Chib se levanta despacio y se para en pie por un momento, mirando a su alrededor, con las rodillas dobladas, dispuesto a huir de un salto del peligro pero esperando no tener que hacerlo, ya que sus pies volarían indudablemente bajo él.

—¡Espera, podrido hijo de puta! —ruge Papá—. ¡Voy a matarte! ¡No puedes hacerle esto a mi hija!

Chib le ve darse la vuelta como una ballena en un mar pesado e intentar ponerse en pie. Cae abajo de nuevo, bramando como herido por un arpón. Mamá no tiene más éxito que él.

Viendo que el camino está libre —ha desaparecido Benedictine en algún sitio—, Chib patina a través del salón hasta alcanzar una zona sin espuma cerca de la salida. Con la ropa al brazo, aún sosteniendo el disolvente, se dirige hacia la puerta, pavoneándose.

En ese momento le llama Benedictine. Se vuelve para verla deslizarse hacia él desde la cocina. Lleva un vaso alto en la mano. Chib se pregunta qué va a hacer con él. Seguramente, no le está ofreciendo la hospitalidad de un trago.

Entonces ella tropieza en la zona seca del suelo y cae de bruces con un grito. Sin embargo, lanza el contenido del vaso certeramente.

Chib chilla al sentir el agua hirviendo, dolorido como si le hubieran circuncidado sin anestesia.

Benedictine, en el suelo, ríe. Chib, después de saltar y aullar, frasco y ropa caídos, sujetándose las partes escaldadas, se las arregla para controlarse, se detiene en sus cabriolas, agarra la mano derecha de Benedictine y la arrastra a las calles de Beverly Hills. Hay mucha gente fuera esa noche, y les siguen. Chib no se detiene hasta llegar al lago, y allí entra en el agua para refrescar las quemaduras, y con él Benedictine.

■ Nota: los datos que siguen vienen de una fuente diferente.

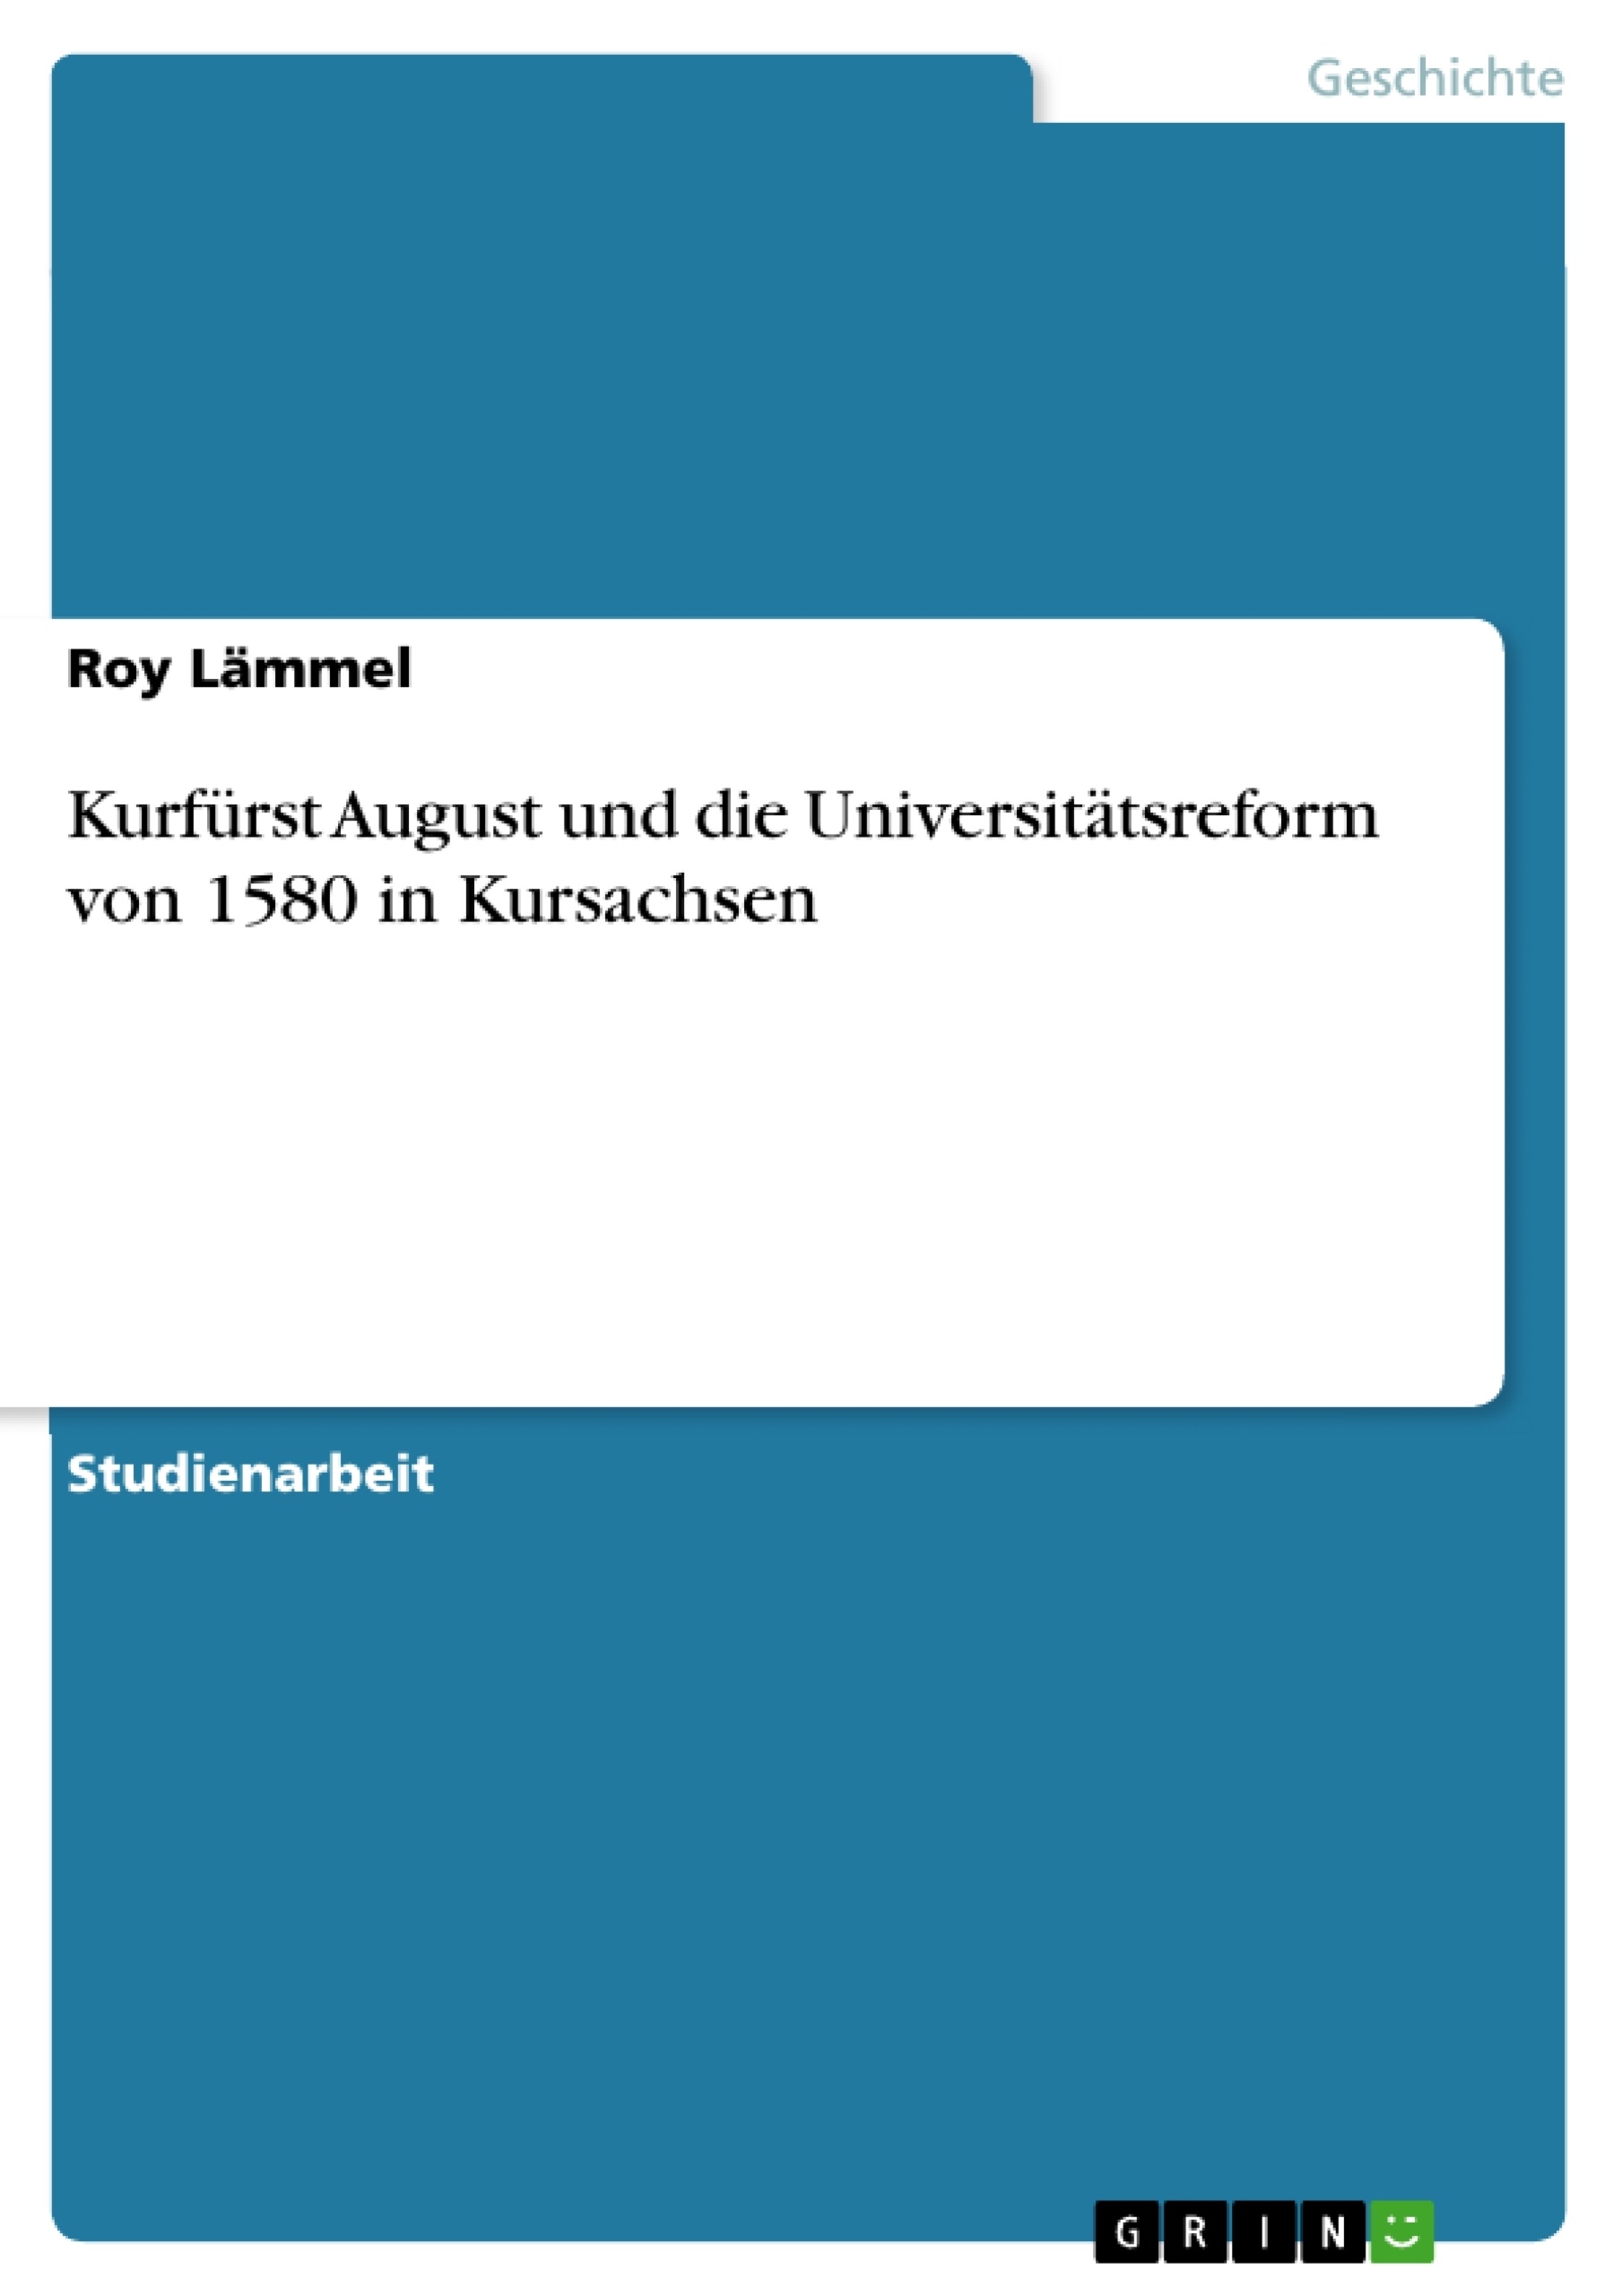 Título: Kurfürst August und die Universitätsreform von 1580 in Kursachsen

La gente tiene mucho de que hablar después, cuando Benedictine y Chib ya han salido del lago y se han ido a casa. Comenta y ríe un buen rato viendo a los del Departamento de Sanidad limpiar la espuma de la superficie del lago y de las calles.

—¡Quedé tan dolorida que no pude andar en un mes! —chilla Benedictine.

—Te lo mereciste —dice Chib—. No tienes de qué quejarte. Dijiste que querías tener un hijo mío, y hablaste como si lo dijeras en serio.

—¡Debo de haber estado loca! —dice Benedictine—. ¡No, no lo estaba! ¡Nunca dije tal cosa! ¡Me mentiste! ¡Me forzaste!

—Yo nunca forzaría a nadie —dice Chib—. Lo sabes. Deja de ladrar. Eres libre, y consentiste libremente. Tienes libre albedrío.

Omar Runic, el poeta, se levanta de la silla. Es un alto y delgado joven piel roja, bronceado, de nariz aquilina y labios rojos muy gruesos. Su ensortijado cabello es largo y está cortado con la forma del Pequod, el navío de fábula que condujo al loco capitán Ahab, a su lunática tripulación y al que sería el único superviviente, Ishmel en pos de la Ballena Blanca. El peinado tiene un bauprés, un casco, tres mástiles, vergas e incluso un bote colgado de pescantes.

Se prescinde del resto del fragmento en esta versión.